_WORK INSTRUCTION:_ Leave out all pictures. Extract exactly the lines from the one containing "USA 2000 2001" through the end of the data.

═════ SUPPLIED DATA ═════

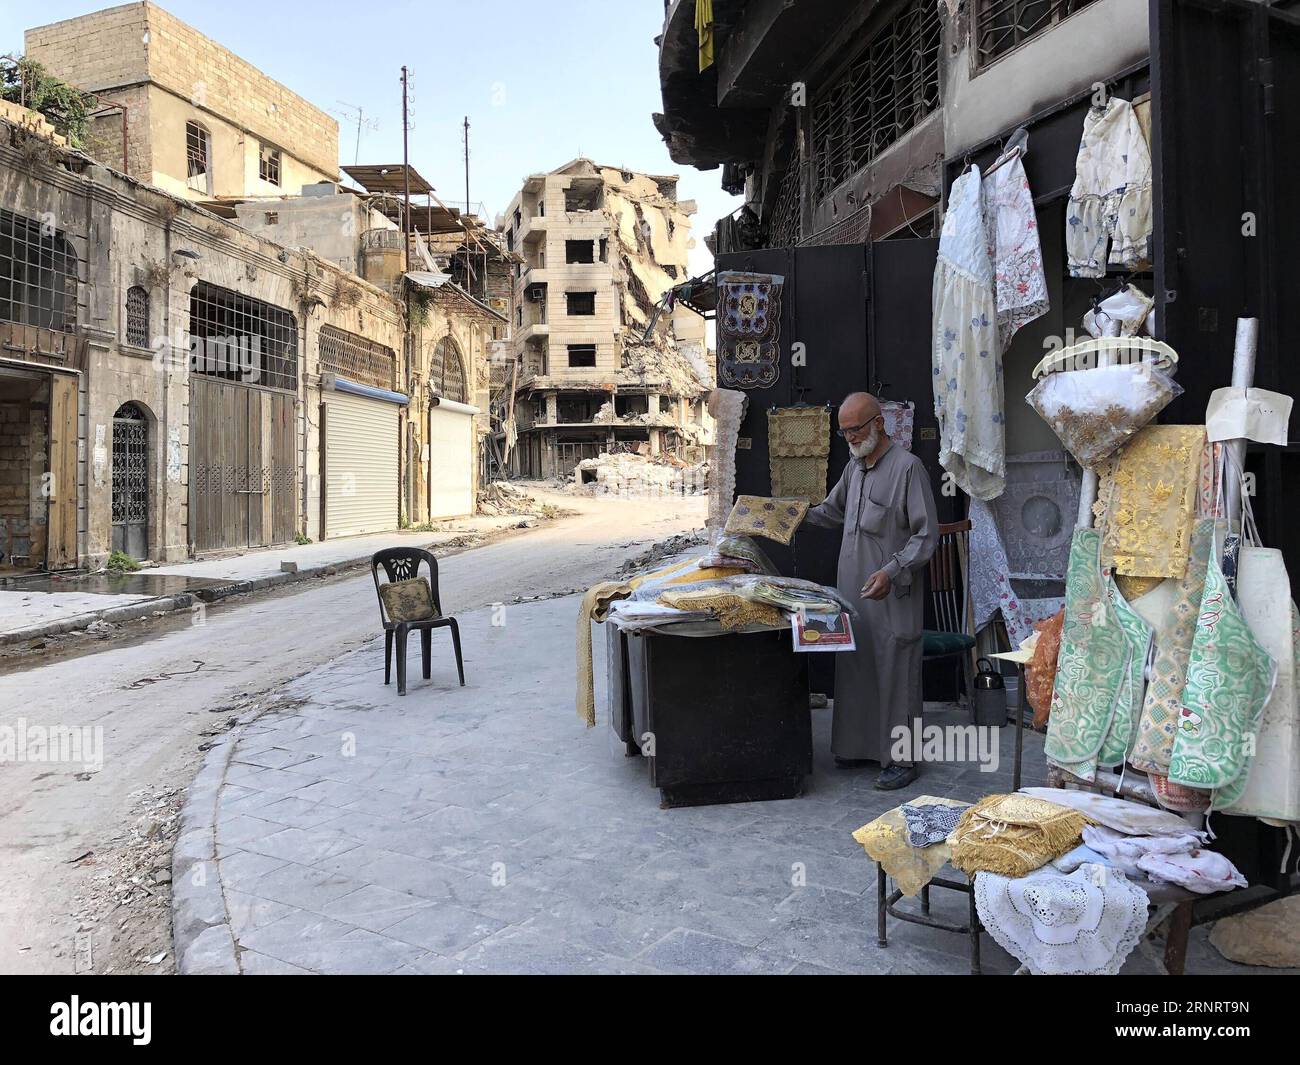 (171014) -- ALEPPO, 14. Oktober 2017 -- Abu Subhi arbeitet am 12. Oktober 2017 in seinem Geschäft in Aleppo, Syrien. In den Ruinen der historischsten Souks der Welt betreibt der 62-jährige Abu Subhi ein sehr kleines Geschäft in der Khan al-Harir-Straße in der alten Stadt Aleppo, umgeben von der Zerstörung des Krieges. Sein kleines Geschäft, in dem er Tischläufer und Tischdecken verkauft, ist das einzige Zeichen des Lebens in der Jahrhunderte alten Gegend.) SYRIEN-ALEPPO-ALTER KAUFMANN HummamxSheikhxAli PUBLICATIONxNOTxINxCHN Stockfoto
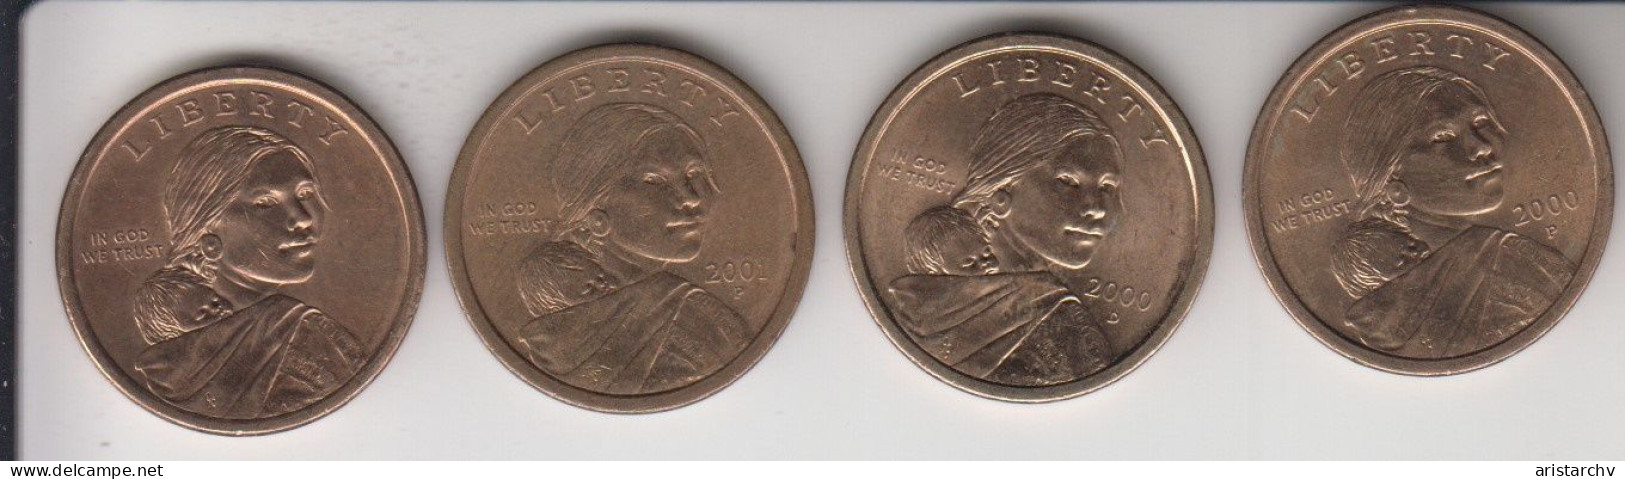 USA 2000 2001 1 $ DOLLAR SACAGAWEA EAGLE 4 DIFFERENT CIRCULATED COINS - 2000-…: Sacagawea
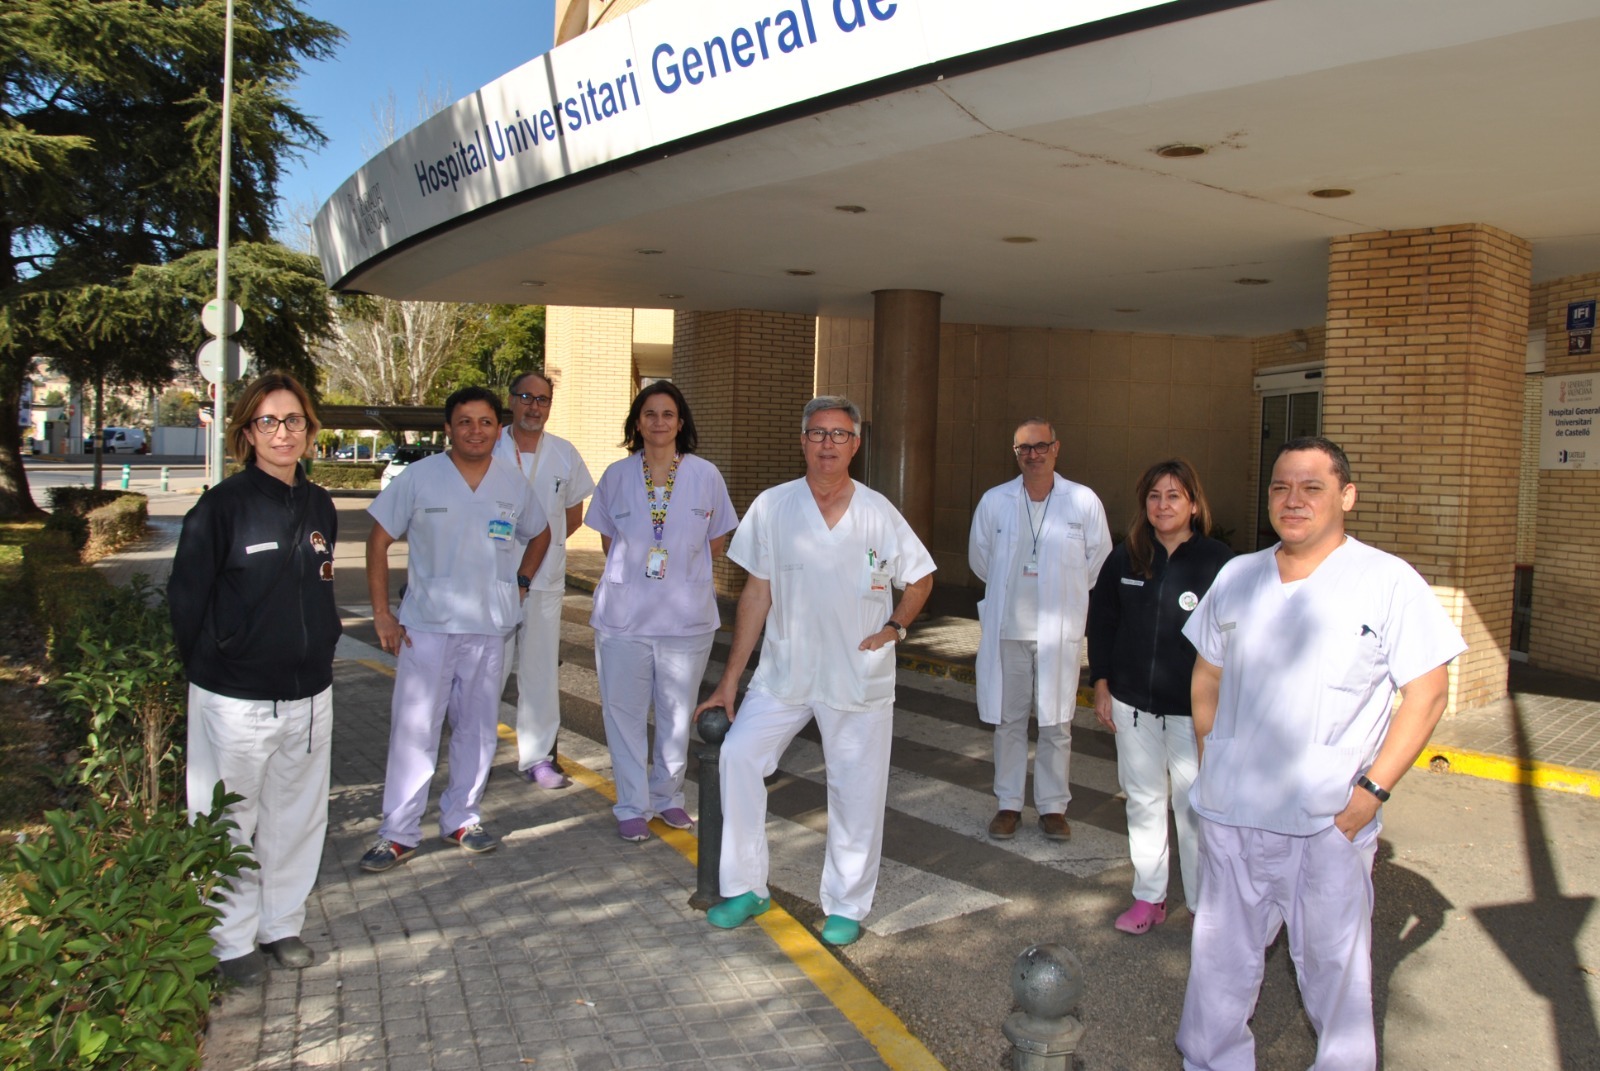 Los profesionales del HospitalGeneral están preparados para realizar el trasplante renal.

═════

_TASK RESULT:_
 USA 2000 2001 1 $ DOLLAR SACAGAWEA EAGLE 4 DIFFERENT CIRCULATED COINS - 2000-…: Sacagawea
 Los profesionales del HospitalGeneral están preparados para realizar el trasplante renal.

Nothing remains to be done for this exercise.